3D Secure 2.0: What does it mean?

3D Secure 2.0: What does it mean?

When it comes to making a digital purchase, verifying the transaction and the identity of the consumer becomes increasingly important and challenging. Helping issuers and merchants distinguish good transactions from bad will mitigate fraud, while allowing transactions to continue to happen at lightning speed. 3-D Secure 2.0 is an important advancement in this effort that will help prevent fraud and accelerate digital commerce with fast, secure authentication. Keep reading to learn more about 3D Secure technology.


   1. What is a 3D Secure 2.0 technology?

3D Secure 2.0 technology is a security protocol that adds a layer of protection to card-not-present transactions by verifying the customer’s identity. The newly upgraded 3D Secure 2.0 brings merchants more value than ever before: It supports a wider range of card-not-present, e-commerce, in-app, mobile wallet, and MOTO (mail order telephone order) payments, and uses over 150 customer- and transaction-specific data points to authenticate transactions.


   2. How does 3D Secure 2.0 work?

As mentioned before, 3D Secure 2.0 analyses over 150 key data points, including the merchant’s contextual data, acting as an advanced layer of fraud protection. The cardholder enters their card details at checkout. At this point, the merchant’s 3D Secure service provider sends an authentication request with rich data to the issuer. This data includes a varying amount of cardholder and device information upon regional or market law restrictions, such as device ID, MAC address, geo-location, previous transactions etc.


Then, the issuer’s 3D Secure service provider assesses the transaction risk. If the transaction is determined as high-risk, the transaction goes through a challenge. In other words, it prompts the cardholder to verify their identity using biometrics, and/ or two-factor authentication, i.e., a one-time password, a fingerprint etc. If the transaction is deemed as low-risk, no further action is required on the cardholder’s end. The issuer sends the authentication result to the merchant, who in turn submits the transaction for authorisation with a flag indicating the authentication result.


   3. 3DS 1.0 vs. 3DS 2.0

Most shoppers have experienced, at least once, the limitations of the 3DS 1.0 protocol through non-browser e-commerce transactions; paying on mobile devices or in-app can sometimes be a frustrating experience and not quite user-friendly.


The 3DS 2.0 protocol – created, owned and managed by Visa, Mastercard, UnionPay, American Express, Discover and JCB – has been developed with the goal of improving the overall performance of the 3DS program and supports the payments industry in delivering a global, interoperable and consistent user experience across all e-commerce channels and connected devices.

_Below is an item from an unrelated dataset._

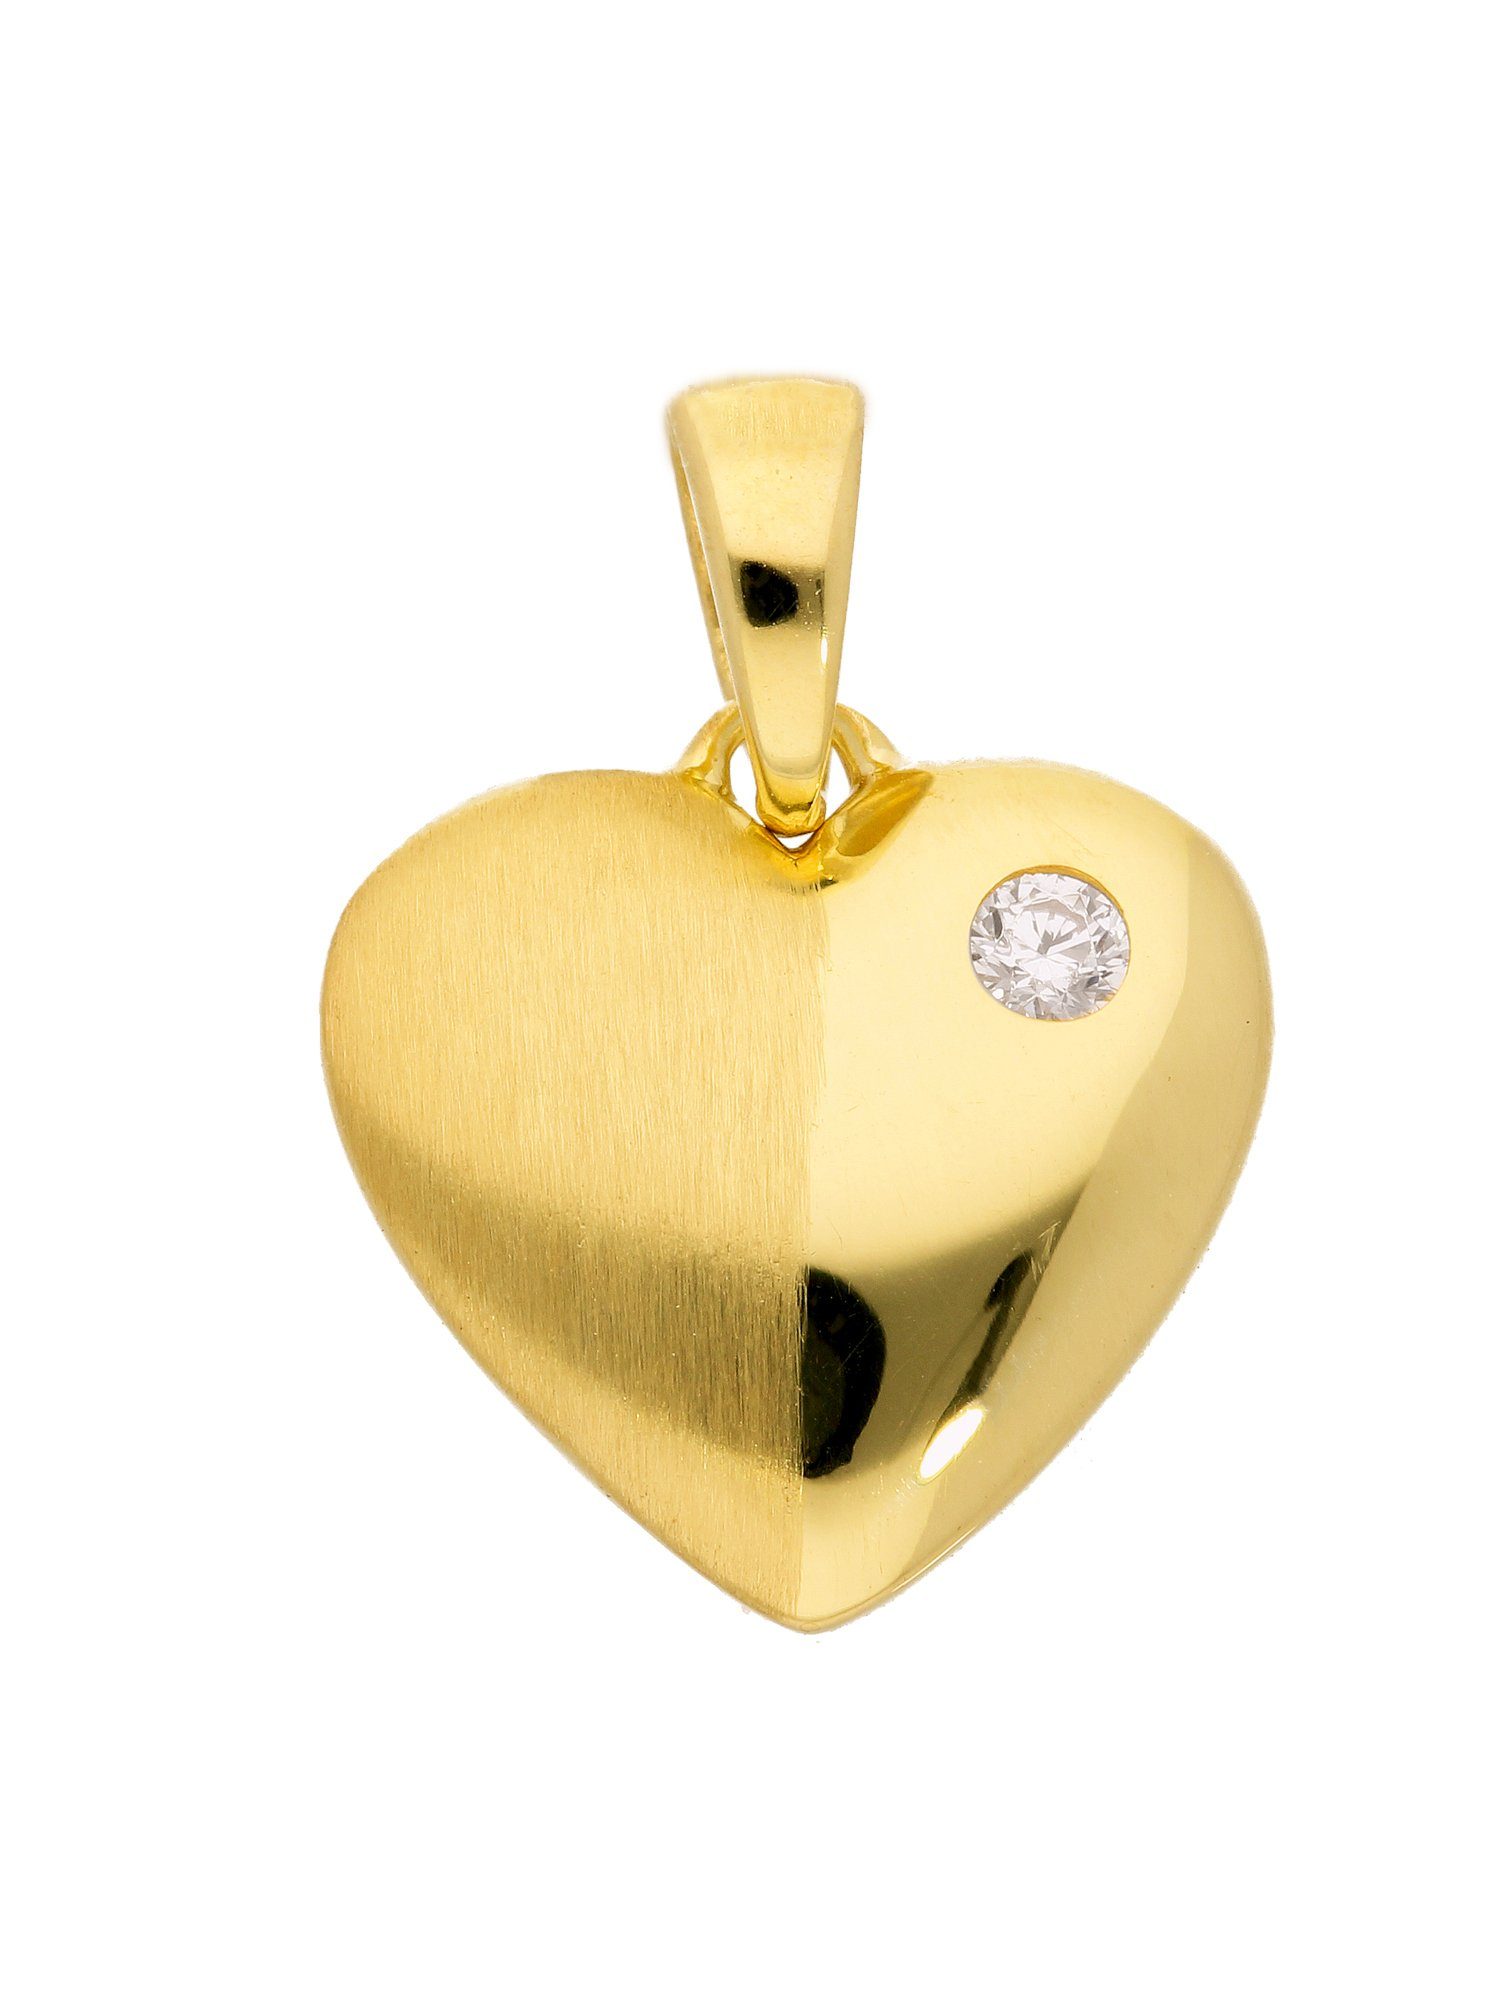 Adelia´s Kettenanhänger 333 Gold Anhänger Herz mit Zirkonia, mit Zirkonia  Goldschmuck für Damen, Maße - Breite 11 mm - Höhe 8,5 mm

So here are the main features of 3D Secure 2.0:


  • Improved shopping experience 

With more people shopping through apps, 3D Secure 2.0 improves their shopping experience by authenticating app-based transactions quickly and seamlessly.


  • Enhanced data sharing 

It provides enhanced data sharing between the issuer and merchant banks, allowing the issuing card bank to make better risk decisions. 


  • Better authentication 

This new protocol gives the customer better authentication options in risky transactions, like using a biometric or one-time password. 


  • Single authentication 

Rather than clicking through a browser redirection process, 3D Secure 2.0 allows customers to go through a single authentication message flow. The streamlined checkout process improves the experience for customers using mobile devices.


   4. When will 3D Secure 2.0 become mandatory?

A new standard, 3D Secure 2.0 is now being promoted as a solution for SCA under PSD2. Card brands are trying to reduce fraud which is a common goal of the directive. The larger the portion of the ecosystem that they can get to adopt 3DS2 as the solution for PSD2 the better. Which is why they have issued network mandates requiring issuers to implement 3DS2. The SCA requirement came into force on 14 September 2019. However, with the approval of the European Banking Authority, several EEA countries have announced that their implementation will be temporarily delayed or phased, with a final deadline set for 31 December 2020.


   Concluding Remarks

3-D Secure has been around for years and creates an authentication data connection between digital merchants, payment networks and financial institutions to be able to analyse and share more intelligence about transactions. The new 2.0 version of the technology enables a real-time, secure, information-sharing pipeline that merchants can use to send an unprecedented number of transaction attributes that the issuer can use to authenticate customers more accurately without asking for a static password or slowing down commerce. 3D Secure 2.0 is a huge leap forward in the world of online payments. Not only does the technology offer smoother shopping experiences, but it also takes online payment security to a whole different level.